Under our Constitution, Congress doesn’t have the power to simply replace one state’s law with that of another, and it can’t make states with strong concealed carry laws enforce low standards that violate their own important public policies. Such power would dramatically undercut state autonomy and violate the principle that state governments be accountable to the preferences of local voters.

The NRA plan would also impose significant costs on the states. They would have to provide extensive (and expensive) training to teach law enforcement how to respond to out-of-state visitors claiming a right to carry hidden guns under the laws of distant states. There’s no national database of concealed carry permits like there is for driver’s licenses, so if Congress passed the plan, states would be forced to create new and costly tools for police who encounter nonresidents with hidden guns. Core principles of federalism dictate that Congress may not force state governments to absorb the financial burden of implementing regulatory decisions made by other states, but that’s just what would happen under the NRA’s proposal.

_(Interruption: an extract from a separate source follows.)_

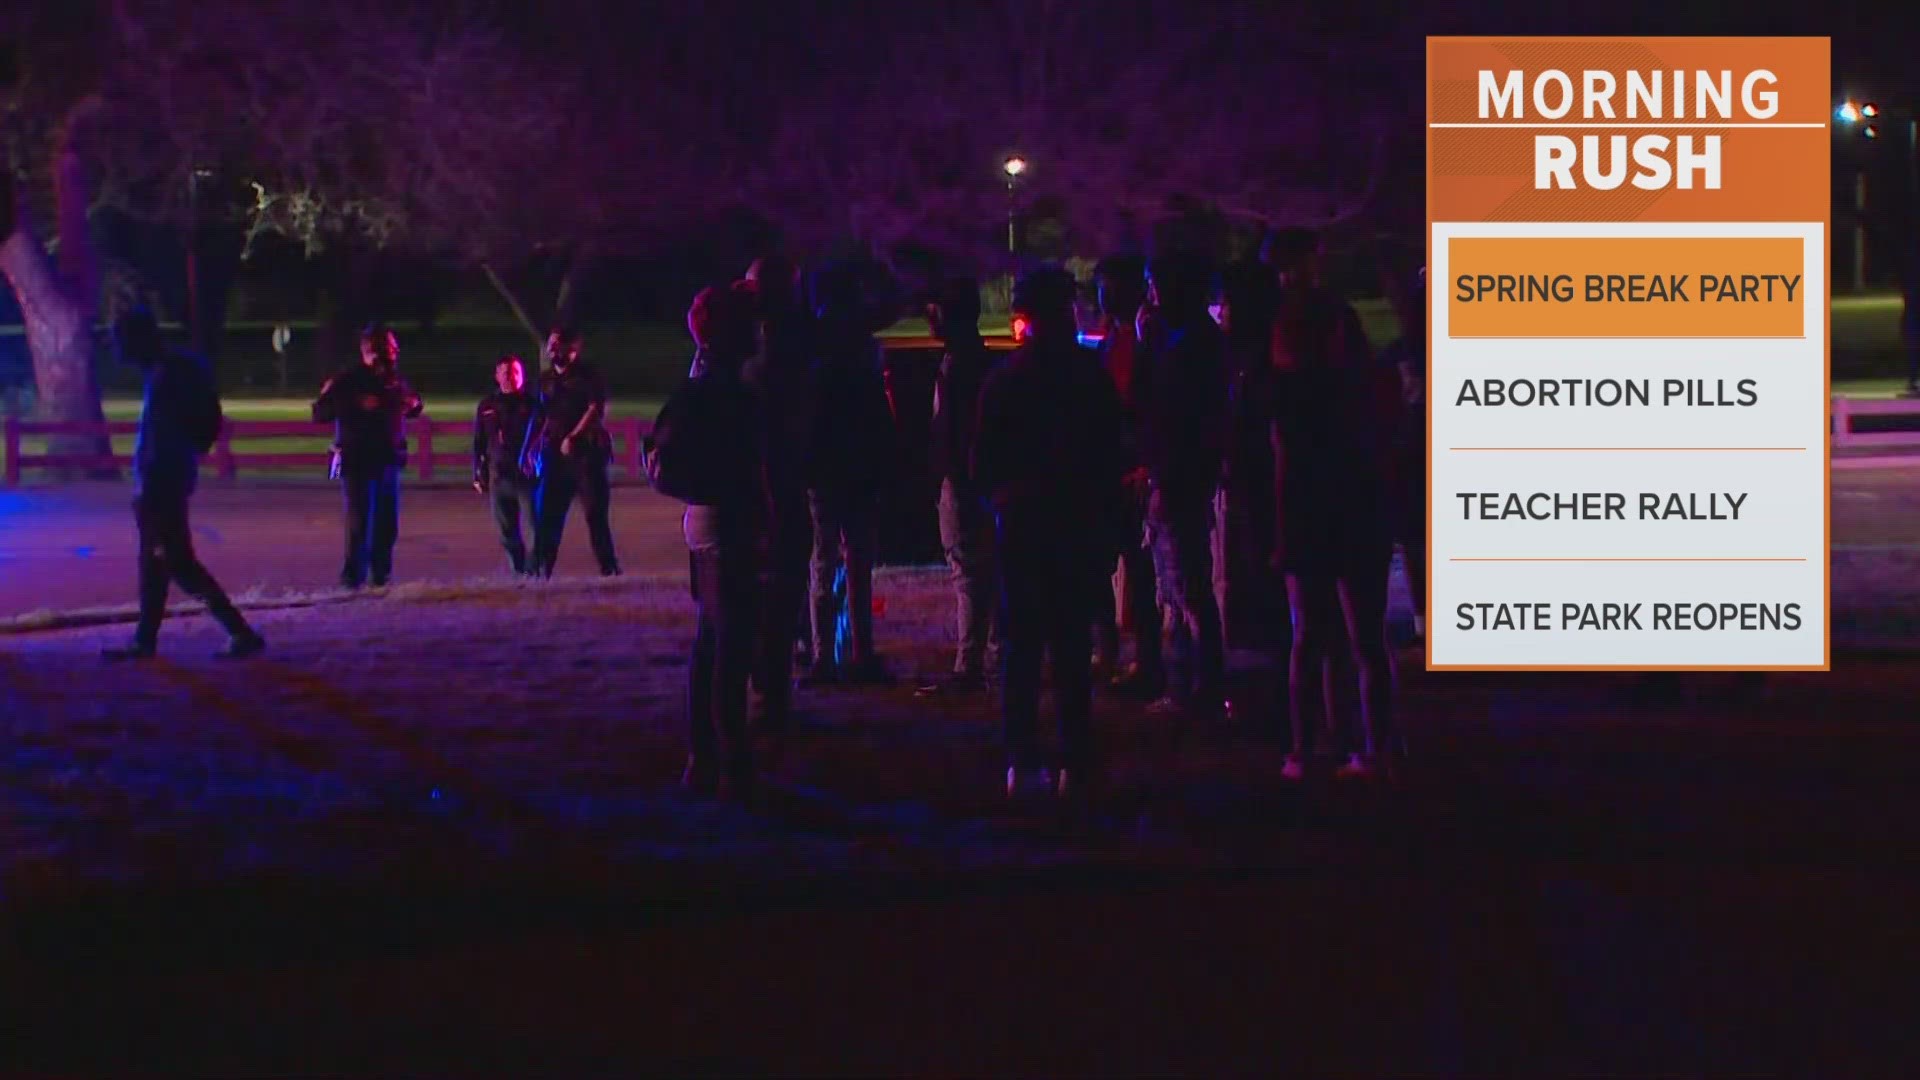 Police said shots were fired as they addressed a large crowd at Katherine Rose Memorial Park.

Given the plan’s constitutional flaws, scholars with widely divergent views on guns have found some surprising common ground. Legal experts who support reasonable gun regulation agree that the NRA concealed carry plan would face significant constitutional hurdles. But even legal scholars who support expansive gun rights favor state-by-state regulation. One constitutional law professor in Texas who says the Supreme Court has condemned the Second Amendment to “constitutional purgatory” by treating it as a second-class right recently opined—correctly—that congressionally mandated concealed carry “turns federalism on its head.”

In light of reciprocity’s constitutional infirmities—and the fact that law enforcement leaders have uniformly rejected it—members of the Senate should break from the House and reject the proposal. Senators who vote no on federally mandated concealed carry wouldn’t just be choosing public safety over the gun lobby’s dangerous agenda; they’d be upholding their oath to defend the Constitution.